Writing a New Scenario

  1. Create a new NN-description.scenario.md file in scenarios/. Files are sorted by name and run in order.

  2. Use this format:

# Scenario: Short description of what this tests ## Steps 1. Click button "Cloud" 2. Type "build the project" in the chat input 3. Press Enter to submit 4. Verify the repository picker dropdown is visible
  1. Run npm run generate to compile it into a .commands.json file.

  2. Run npm test to verify it works.

  3. Commit both the .scenario.md and .commands.json files.

Step Language

Write steps in plain English. The Copilot agent interprets them against the page's accessibility tree. Common patterns:

PatternExample
Click a buttonClick button "Cloud"
Type in an inputType "hello" in the chat input
Press a keyPress Enter
Verify visibilityVerify the repository picker dropdown is visible
Verify button stateVerify the "Send" button is disabled

You're not limited to these patterns — the agent understands natural language.

The .commands.json Format

Each compiled step looks like:

{ "description": "Click button \"Cloud\"", "commands": [ "click e143" ] }

For assertions, the agent outputs a snapshot command followed by an assertion comment:

{ "description": "Verify the repository picker dropdown is visible", "commands": [ "snapshot", "# ASSERT_VISIBLE: Repository Picker" ] }

The test runner understands these comment-based assertions:

  • # ASSERT_VISIBLE: <text> — checks snapshot contains the text

  • # ASSERT_DISABLED: <label> — checks button has [disabled]
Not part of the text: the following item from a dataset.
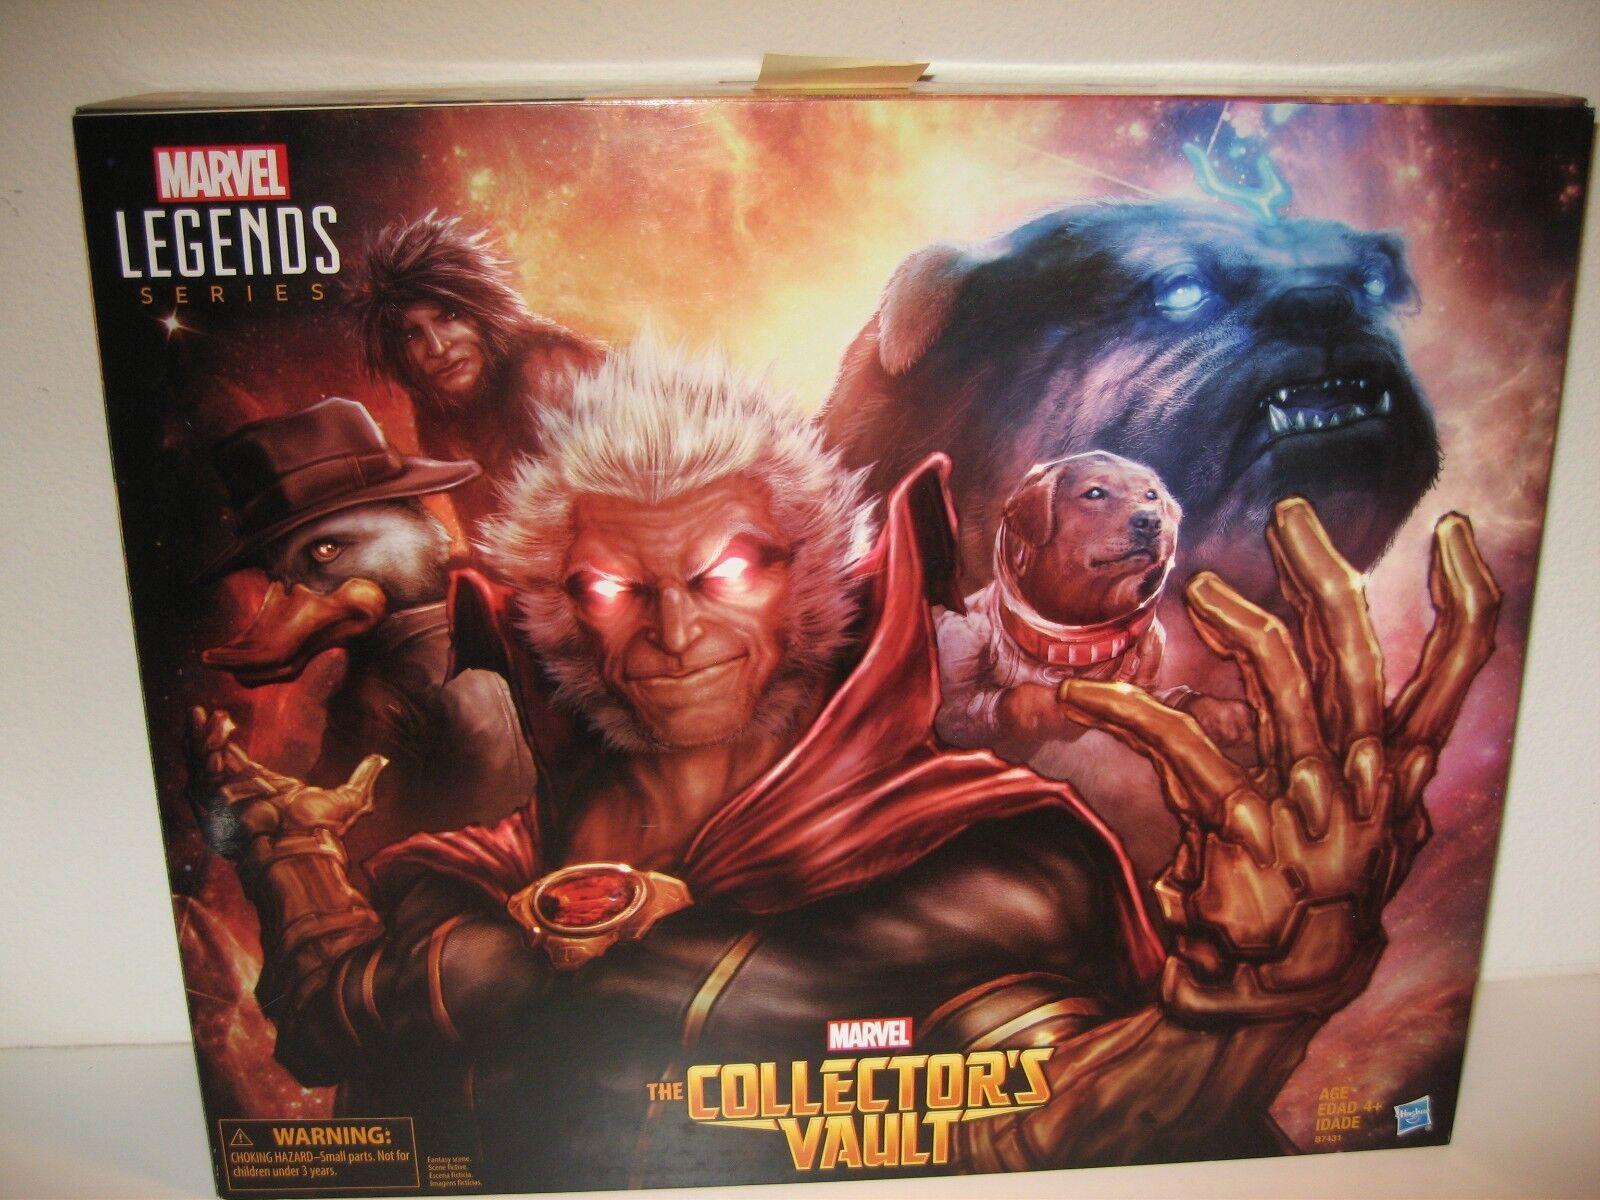 Marvel Marvel Marvel Legends The Collectors Vault Figure Set - Brand New 819fdb

  • # ASSERT_ENABLED: <label> — checks button doesn't have [disabled]

How a Step Executes (Worked Example)

Let's trace Click button "Cloud" through both phases.

Generate phase — the agent sees the accessibility tree snapshot:

- group "Session target" - button "Local" [ref=e141] - button "Cloud" [ref=e143]

Copilot CLI returns: click e143

This is saved to .commands.json and the click is executed to advance state.

Test phase — the runner reads:

{ "commands": ["click e143"] }

It shells out to playwright-cli click e143. Done. No parsing, no matching.

Tips

  • Use exact button labels as they appear in the UI.

  • One action per step — keep steps atomic for clear failure messages.

  • Order matters — scenarios run sequentially; an Escape is pressed between them.

  • Prefix filenames with numbers (01-, 02-, …) to control execution order.

  • Re-generate selectively: npm run generate -- 01-repo to recompile one scenario.

Testing File Diffs

To test that chat responses produce real file diffs:

  1. Use a message keyword that triggers file edits in the mock agent (e.g. "build", "fix" — see getMockResponseWithEdits() in web.test.ts)

  2. The mock agent emits textEdit progress items that flow through the real ChatEditingService

  3. Open the secondary side bar to see the Changes view

  4. Assert file names are visible in the changes tree

  5. Click a file to open the diff editor and assert content is visible

Example scenario:

# Scenario: Chat produces real diffs ## Steps 1. Type "build the project" in the chat input 2. Press Enter to submit 3. Verify there is a response in the chat 4. Toggle the secondary side bar 5. Verify the changes view shows modified files 6. Click on "index.ts" in the changes list 7. Verify a diff editor opens with the modified content

Important: Don't assert hardcoded line counts (e.g. +23). Instead assert on file names and content snippets — the real diff engine computes the actual counts, which may change as mock file content evolves.

Adding Mock File Edits

To add new keyword-matched responses with file edits, update getMockResponseWithEdits() in src/vs/sessions/test/web.test.ts:

  1. For existing files — target URIs whose paths match EXISTING_MOCK_FILES (files pre-seeded in the mock extension's file store). The emitFileEdits() helper uses a full-file replacement range so the ChatEditingService computes a real diff.

  2. For new files — target any other path. The helper uses an insert range for these, producing a "file created" entry.

  3. Mock file store — to add or change pre-seeded files, update MOCK_FILES in extensions/sessions-e2e-mock/extension.js AND update EXISTING_MOCK_FILES in web.test.ts to match. All paths must be under /mock-repo/ (e.g. /mock-repo/src/newfile.ts).